[Work to be completed] Restate word for word the lines below that run from the one holding "Image of Materialismo" through the one holding "כיצד לחוות יוקרה", inclusive. Pictures don't belong in the copy.

[Data records]
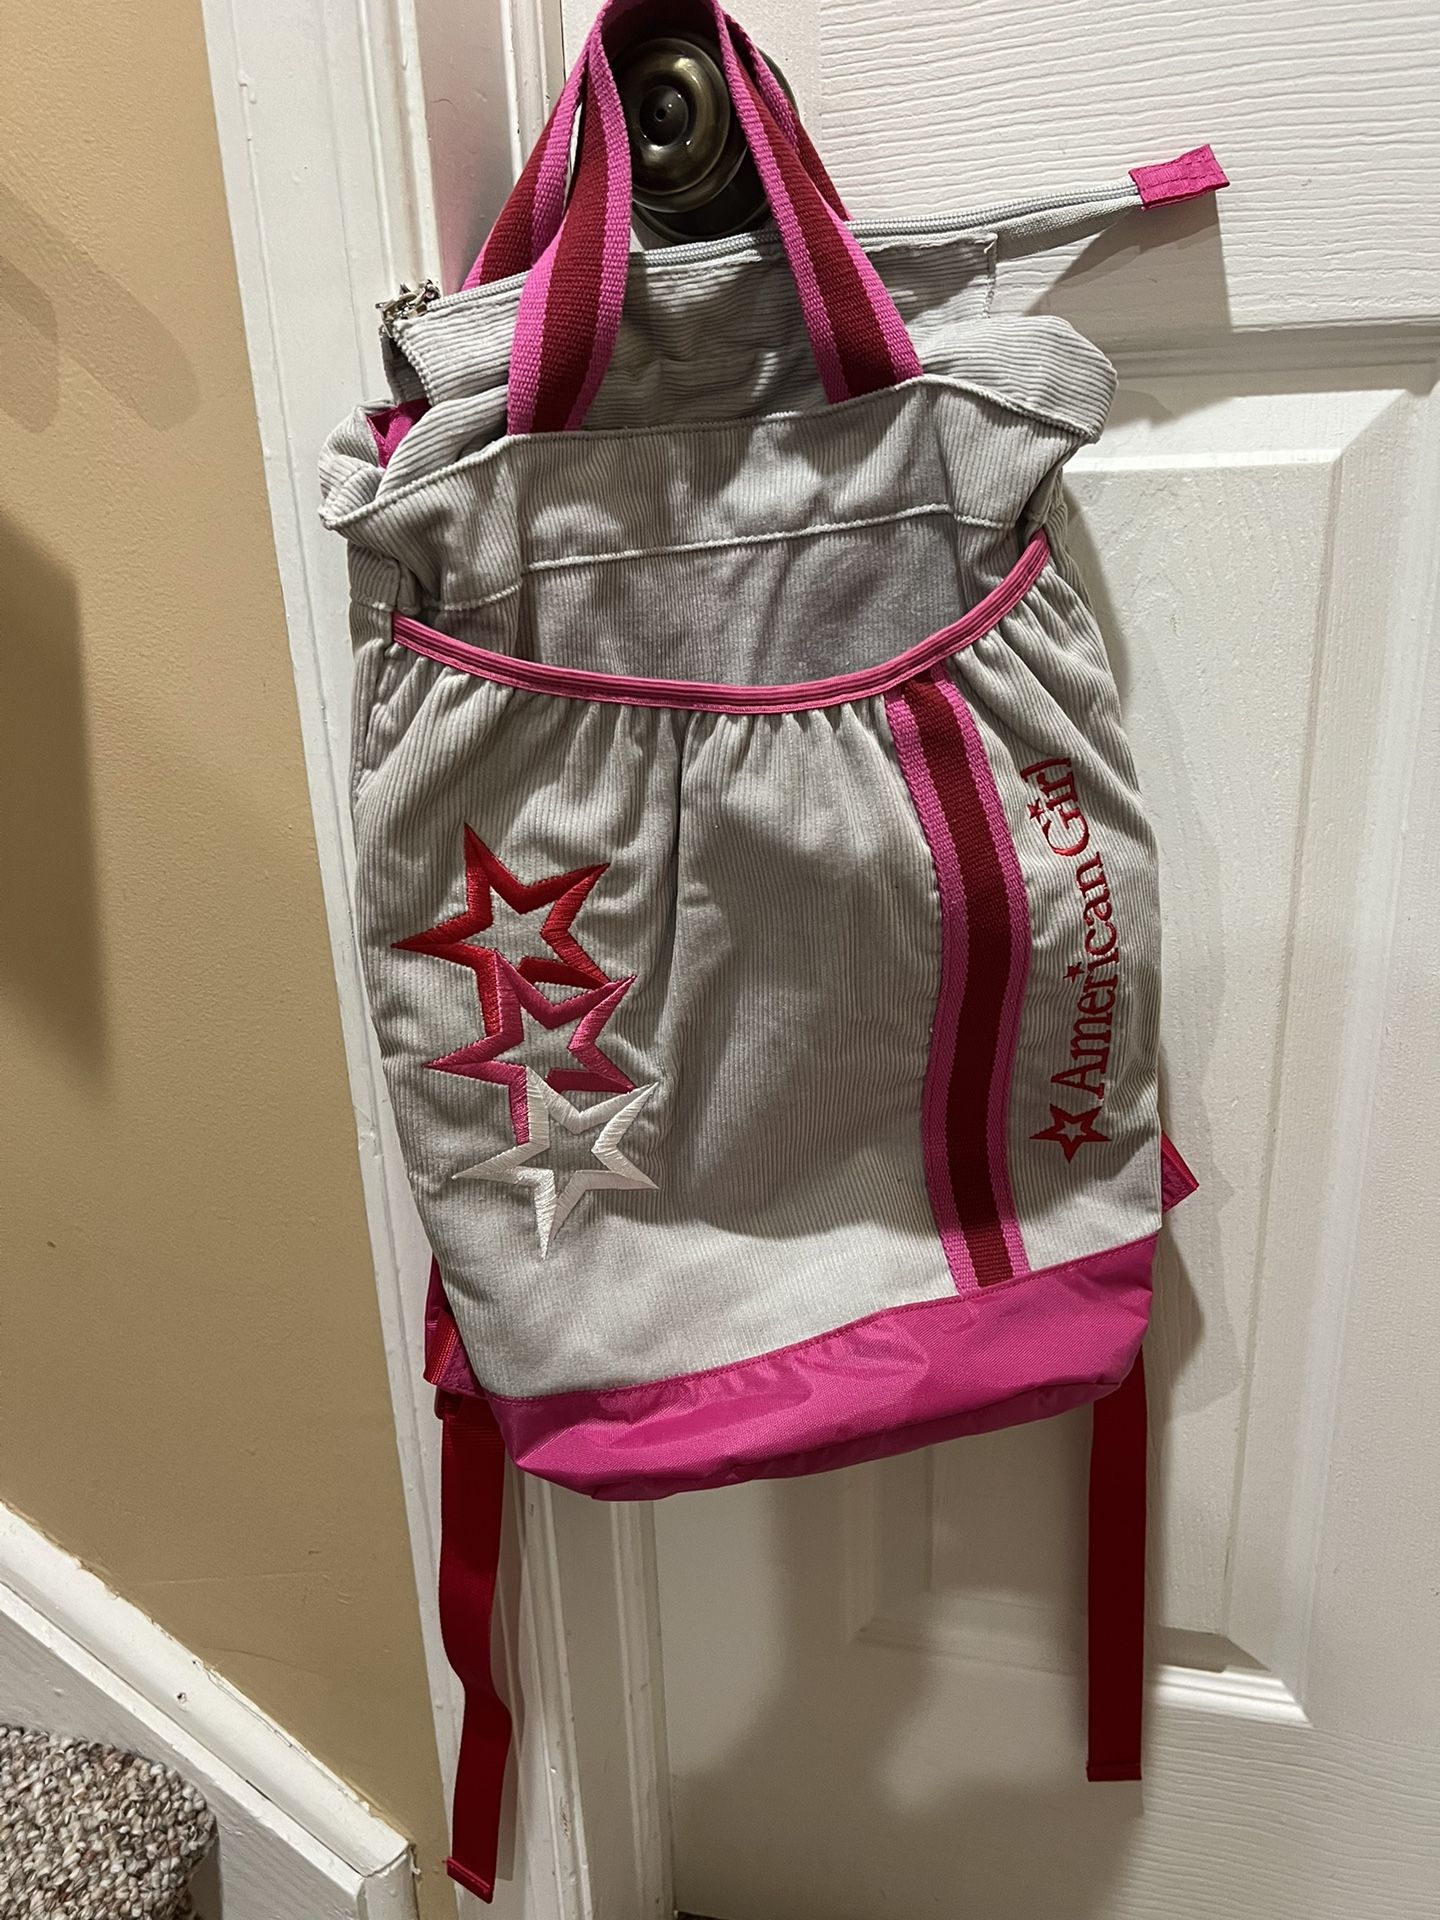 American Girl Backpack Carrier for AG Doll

---

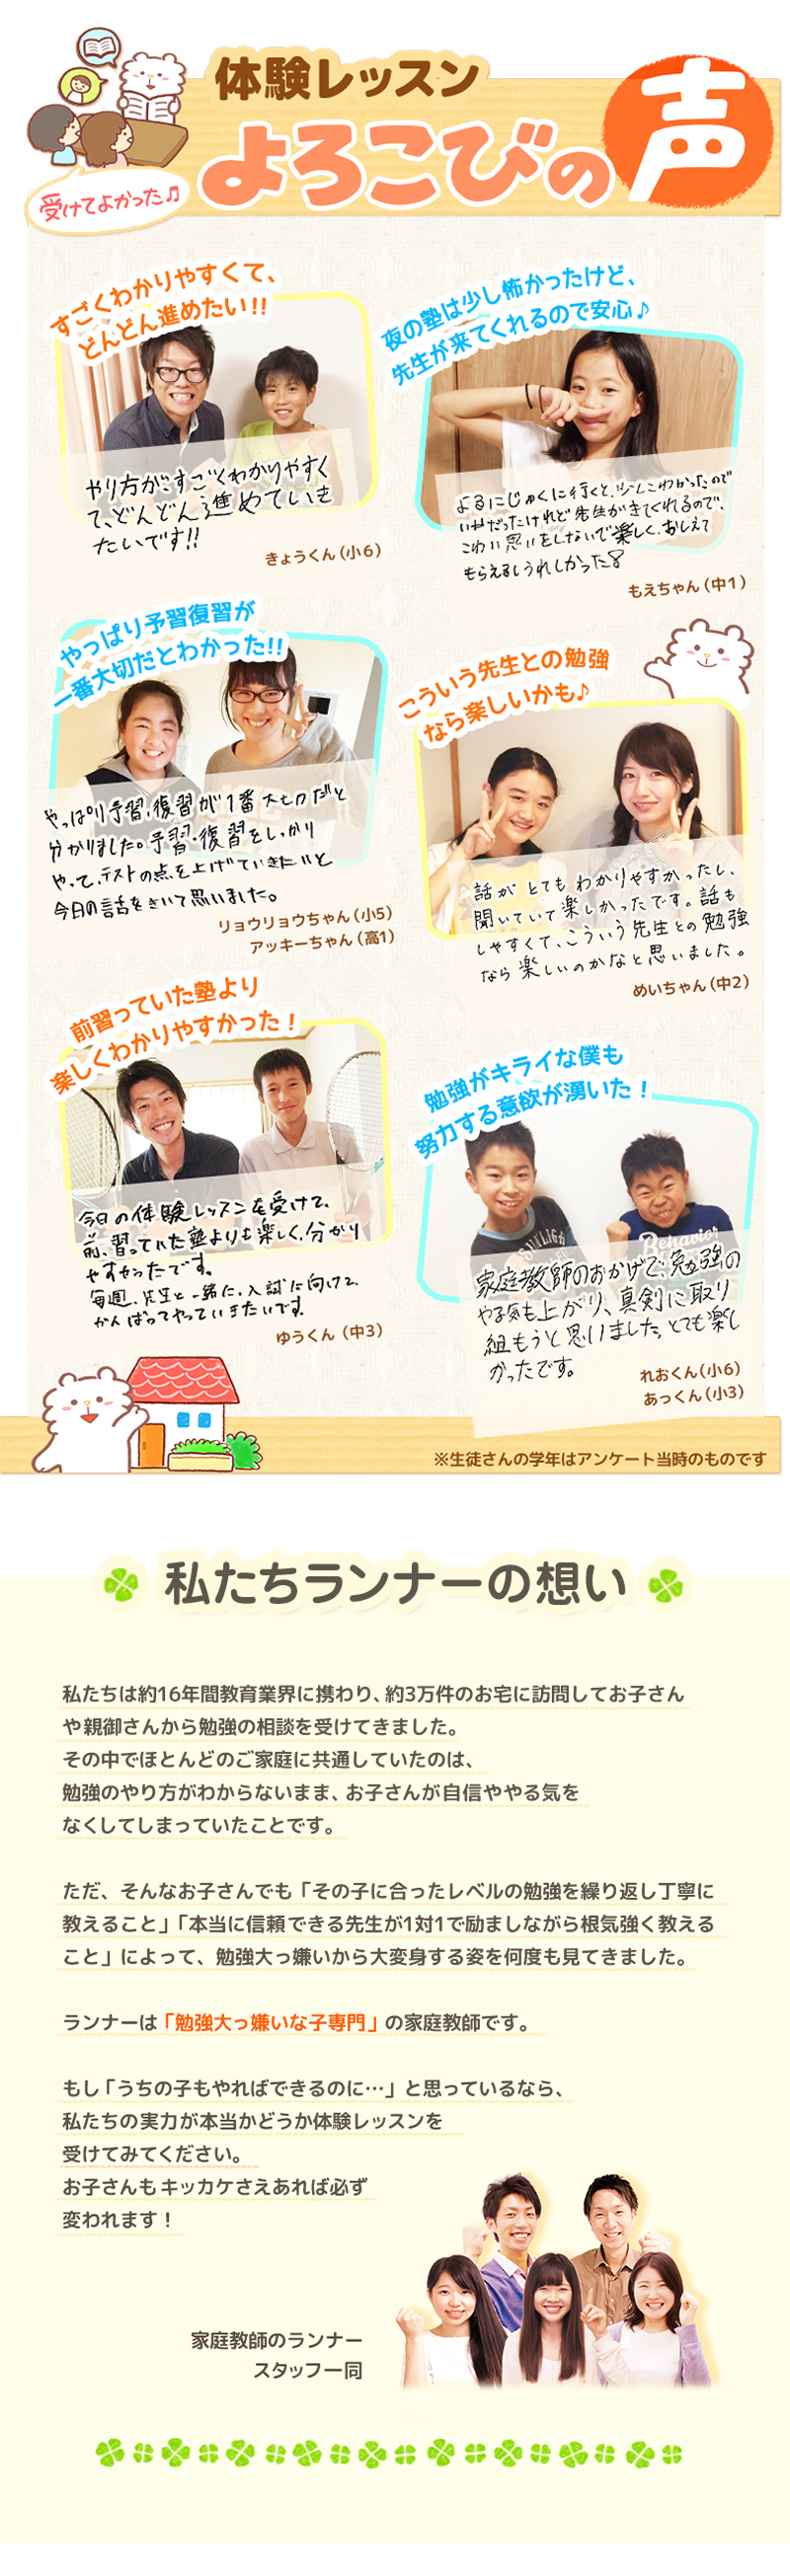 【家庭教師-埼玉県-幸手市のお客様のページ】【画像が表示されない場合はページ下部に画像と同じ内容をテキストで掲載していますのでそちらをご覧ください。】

* * *

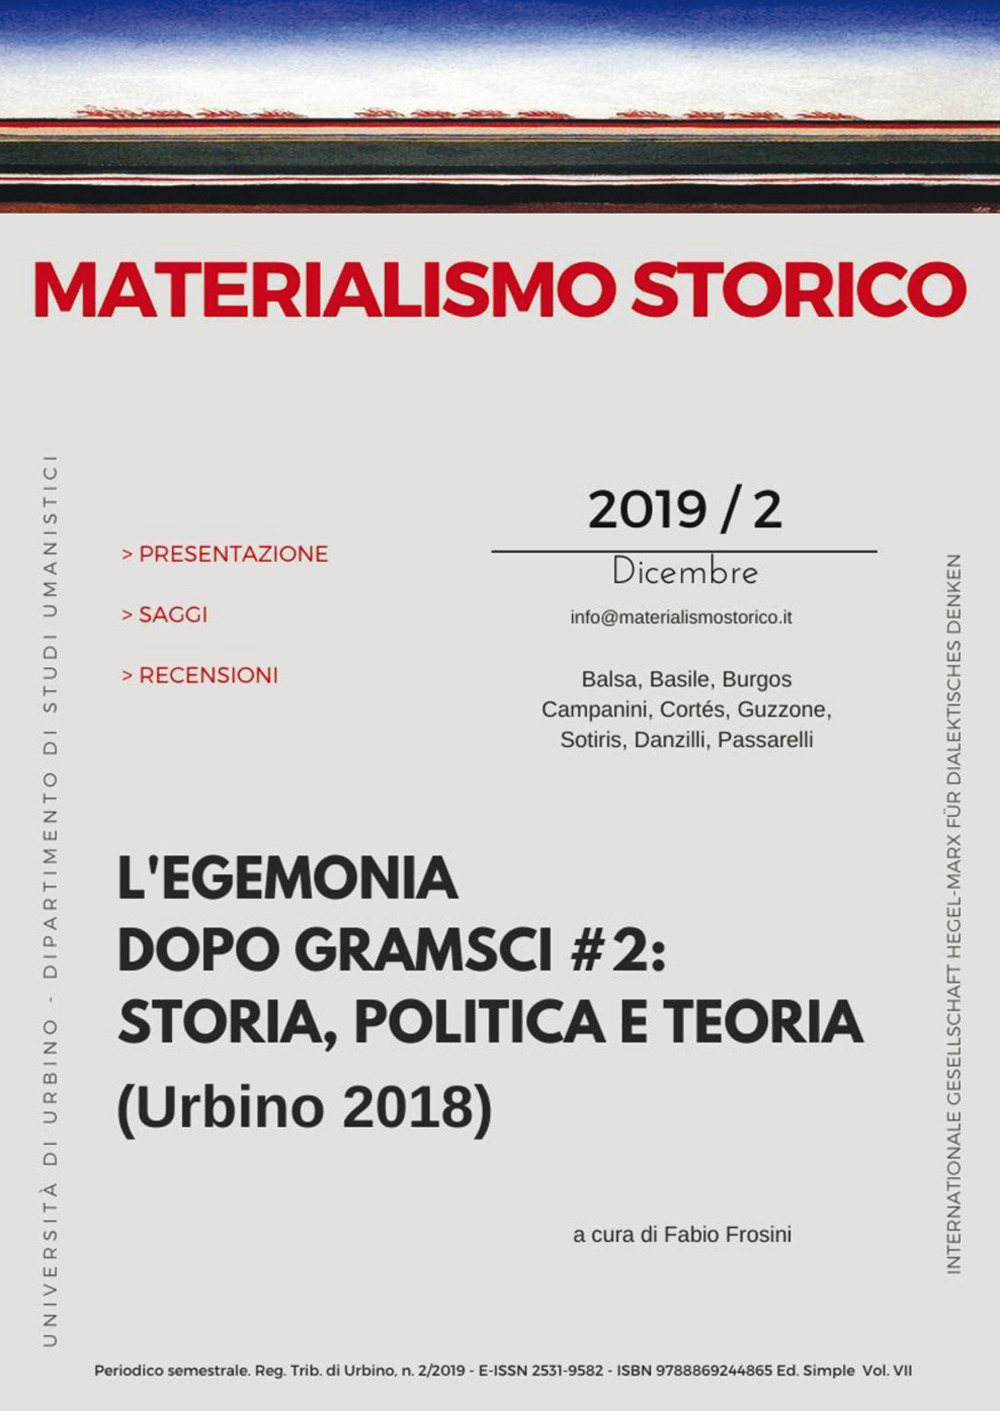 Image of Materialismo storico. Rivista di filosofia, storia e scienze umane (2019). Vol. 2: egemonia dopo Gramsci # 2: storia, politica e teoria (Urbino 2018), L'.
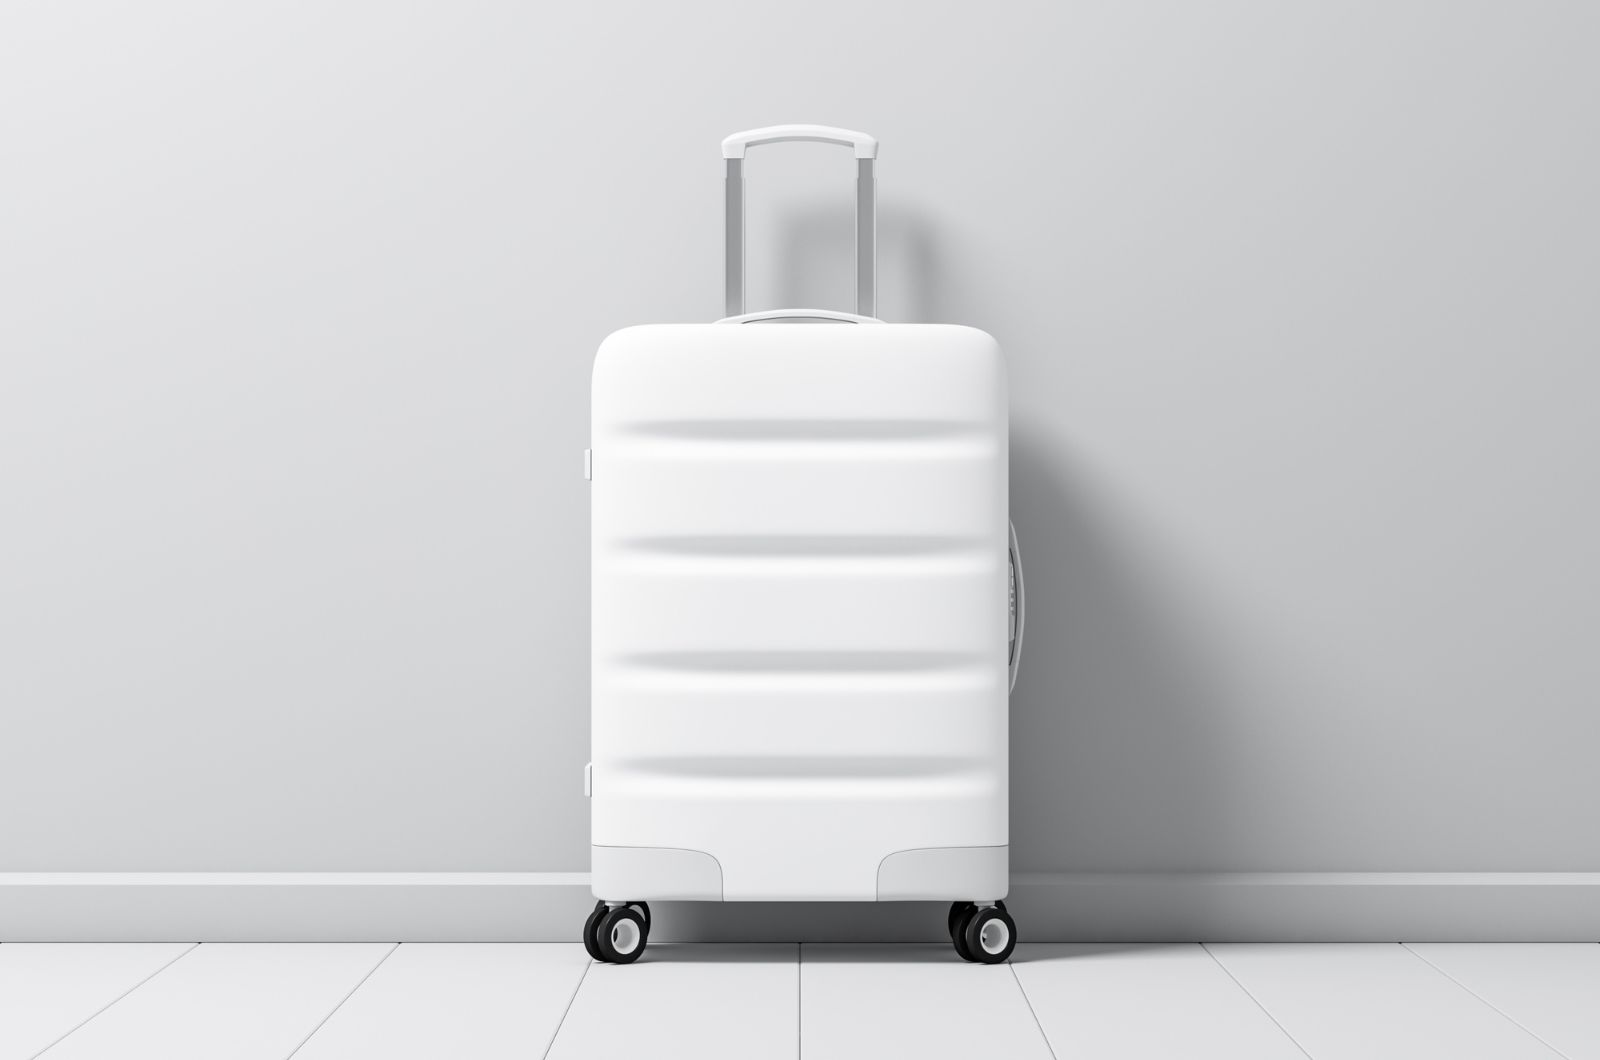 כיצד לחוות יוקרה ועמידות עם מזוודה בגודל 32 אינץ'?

[Solved exercise]
 Image of Materialismo storico. Rivista di filosofia, storia e scienze umane (2019). Vol. 2: egemonia dopo Gramsci # 2: storia, politica e teoria (Urbino 2018), L'.
 כיצד לחוות יוקרה ועמידות עם מזוודה בגודל 32 אינץ'?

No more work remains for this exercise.